Holden believes in freedom of information, or at least a warped version of it. Several times, Holden brings the solar system to the brink of war by broadcasting sensitive information without any thought to the consequences. He defends this by saying that people have a right to know.

Holden’s arguments are obviously flawed, and they have to be that way so that Miller can shoot him down and explain that sometimes you need to keep information from the public for people’s own good. This is incredibly frustrating for anyone who actually cares about freedom of information; Holden’s arguments sound like a caricature of their position.

Even for readers who don’t particularly care about information transparency, Holden’s obsession with it gets annoying fast. No one else in the story particularly cares about the issue, except to shake their heads at Holden whenever he blasts incendiary information over the airwaves without a second thought. It feels like he’s out of step with the rest of the universe and preaching about a problem that isn’t important to anyone else. That’s a recipe for annoyance if ever there was one.

How to Fix It

Fortunately, I don’t have to think too hard about a solution because the Expanse TV show already made one for me. In that version of the story, Holden is idealistic in a more general sense. He doesn’t want to kill his enemies, and he’s eager to risk his own life and the lives of his comrades to save others, even if the chances of success are remote. This way, when he gets a rude awakening about the realities of life, it isn’t a commentary on whether or not governments should be transparent in their dealings.

2. Little Witch Academia

Akko from Little Witch Academia

In Little Witch Academia, protagonist Akko is the only girl from a non-magical family attending a witch school. If that sounds like the “what if Hermione was the main character” scenario you’ve always dreamed of, I’m sorry to disappoint you. The only thing Akko and Miss Granger have in common is how useless their friends are.*

Akko’s primary motivation is to be the greatest witch of all, despite how bad she is at magic. I know that because she keeps repeating it. All the time. Every episode. Seriously, it’s like there was some rule in the writers room that they couldn’t let a scene end without Akko loudly proclaiming how she’s going to be the best at magic that there ever was. Even though her motivation is inherently sympathetic, it gets annoying through sheer repetition.

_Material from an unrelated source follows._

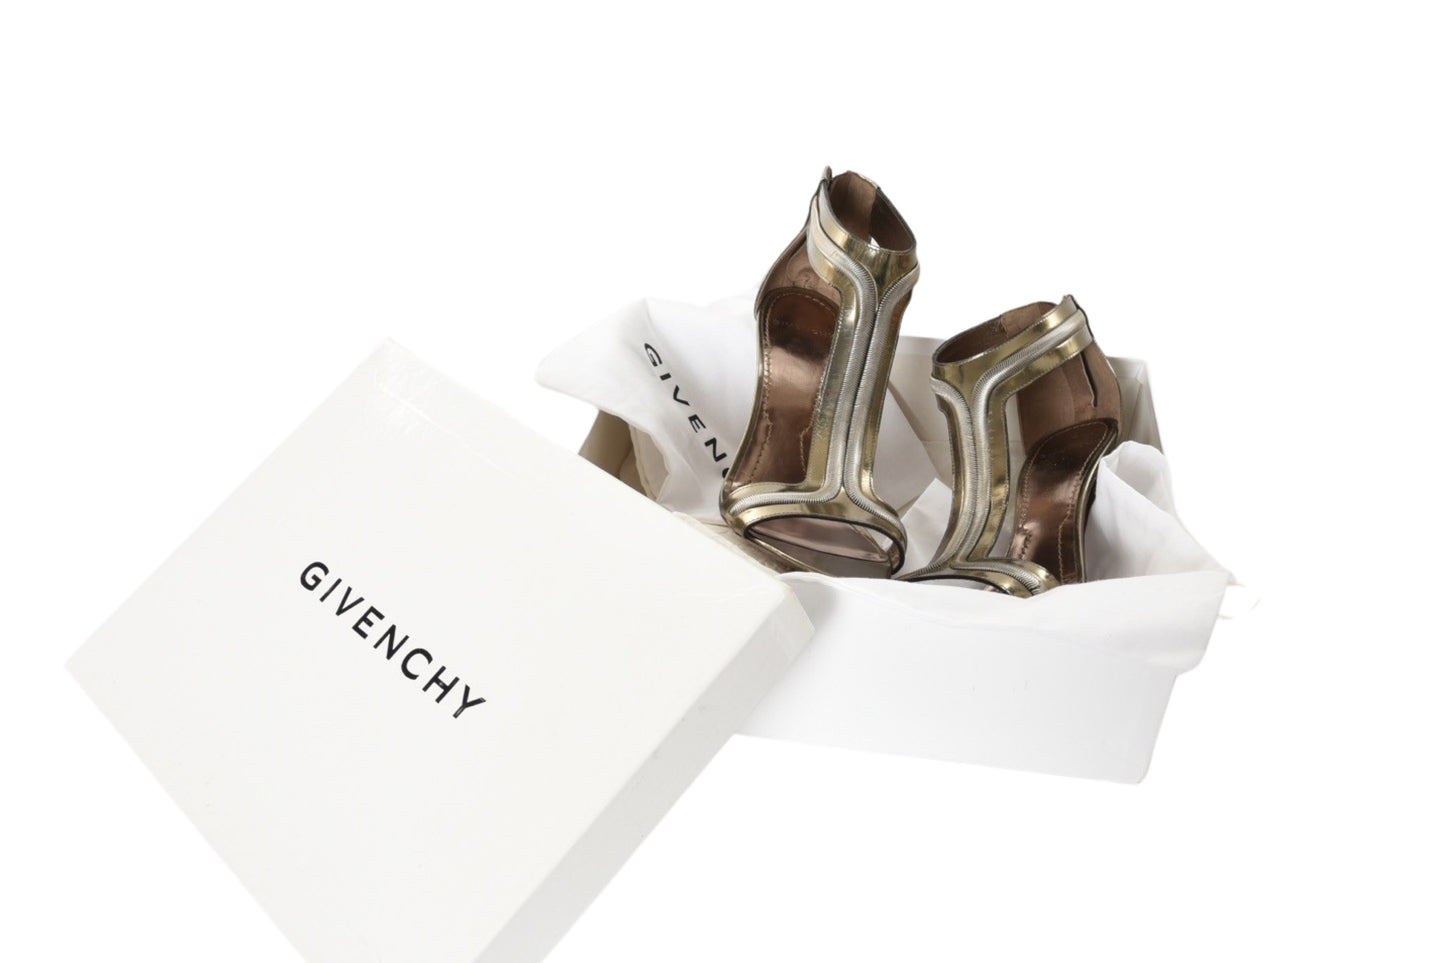 Givenchy Patent Leather T-Strap Sandals Heels Metallic Size 37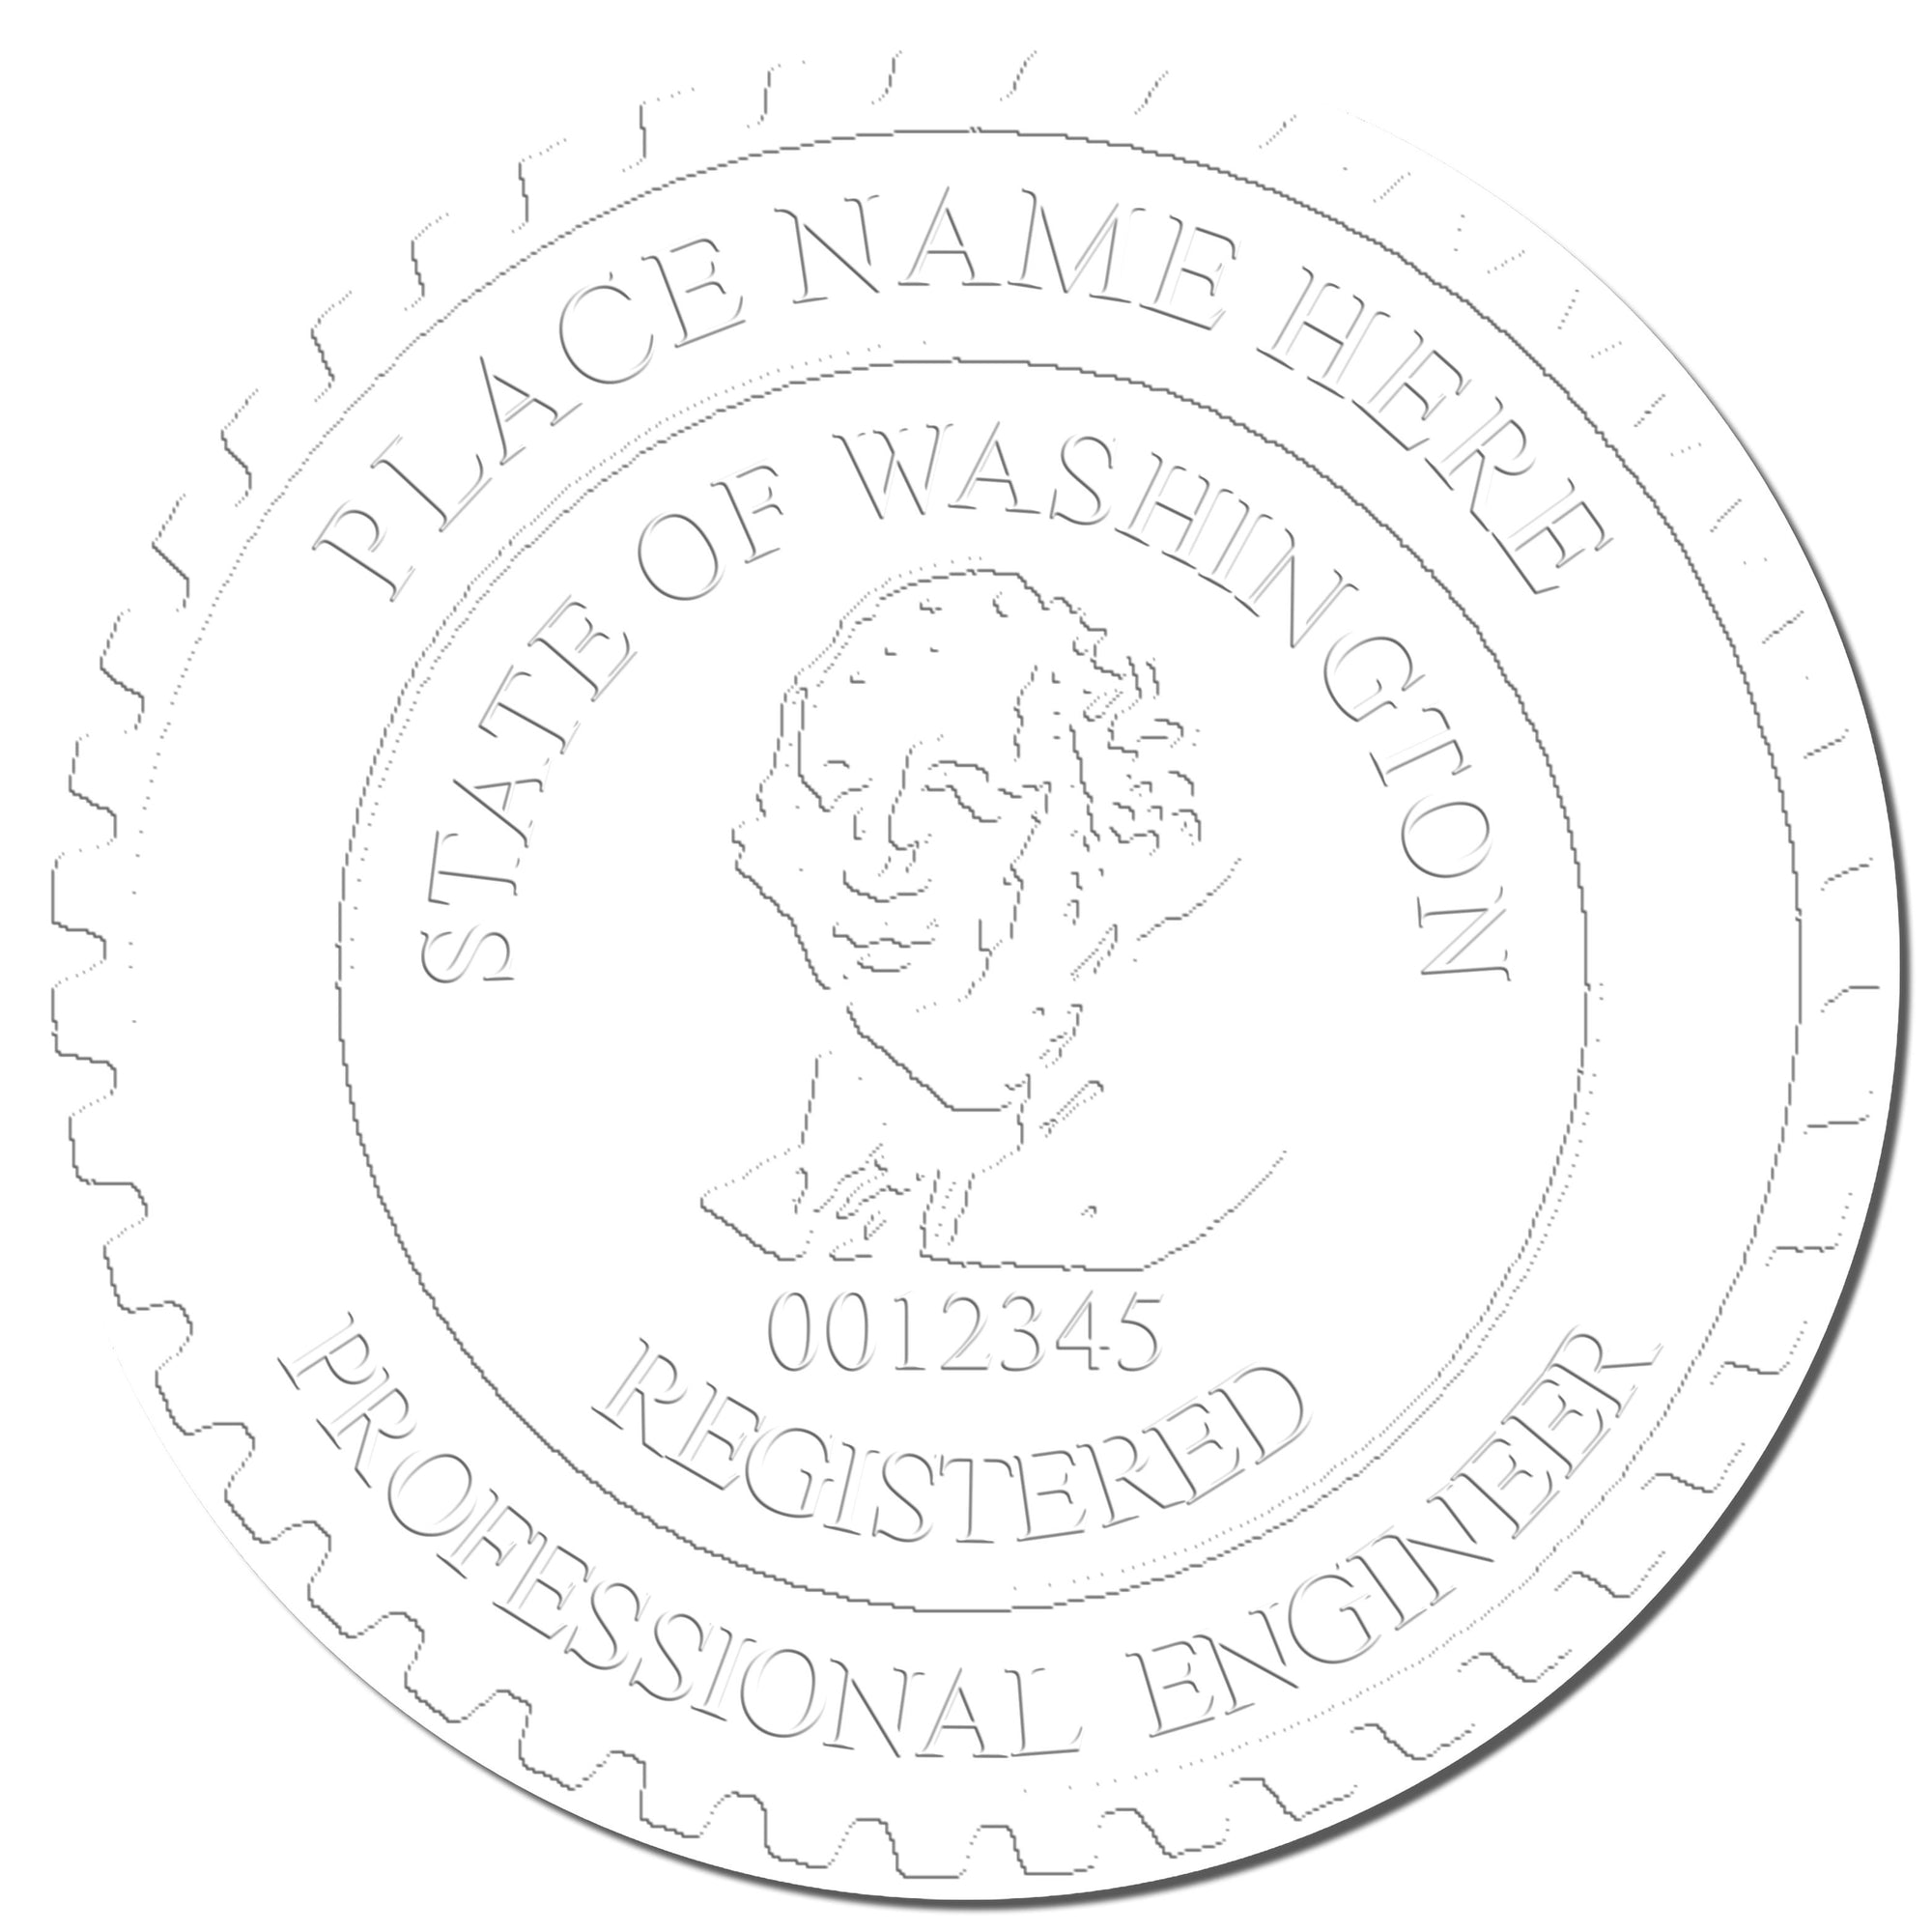 The main image for the Washington Engineer Desk Seal depicting a sample of the imprint and electronic files

Worse, Akko is unwilling to put any work into achieving her goal. Instead, she constantly tries to cheat. In one episode, she decides that she needs to be the best at broom racing in order to follow in her idol’s footsteps. The problem is that she doesn’t know how to fly a broom, something the other girls all learned before they even came to school. Instead of putting in extra practice, Akko goes out and buys a super powerful magic broom to give her an edge.

This isn’t an isolated incident. In another episode, when Akko is having trouble with her spellwork, she goes on a quest to find a magic artifact that will make her the best witch ever. Over and over again, she neglects her schoolwork and tries to find shortcuts around her problems. It’s unclear if she thinks all this cheating will make her a good witch or if she’s lying about her goals.

How to Fix It

Akko’s problem is that she’s combining two elements that don’t work well together: extreme earnestness and sketchy morals. When a story is about the protagonist trying super hard to get what they want, it’s critical that they seem deserving of that goal. The best way to fix Akko would be to make her a legitimately hard worker and then reward her for her efforts.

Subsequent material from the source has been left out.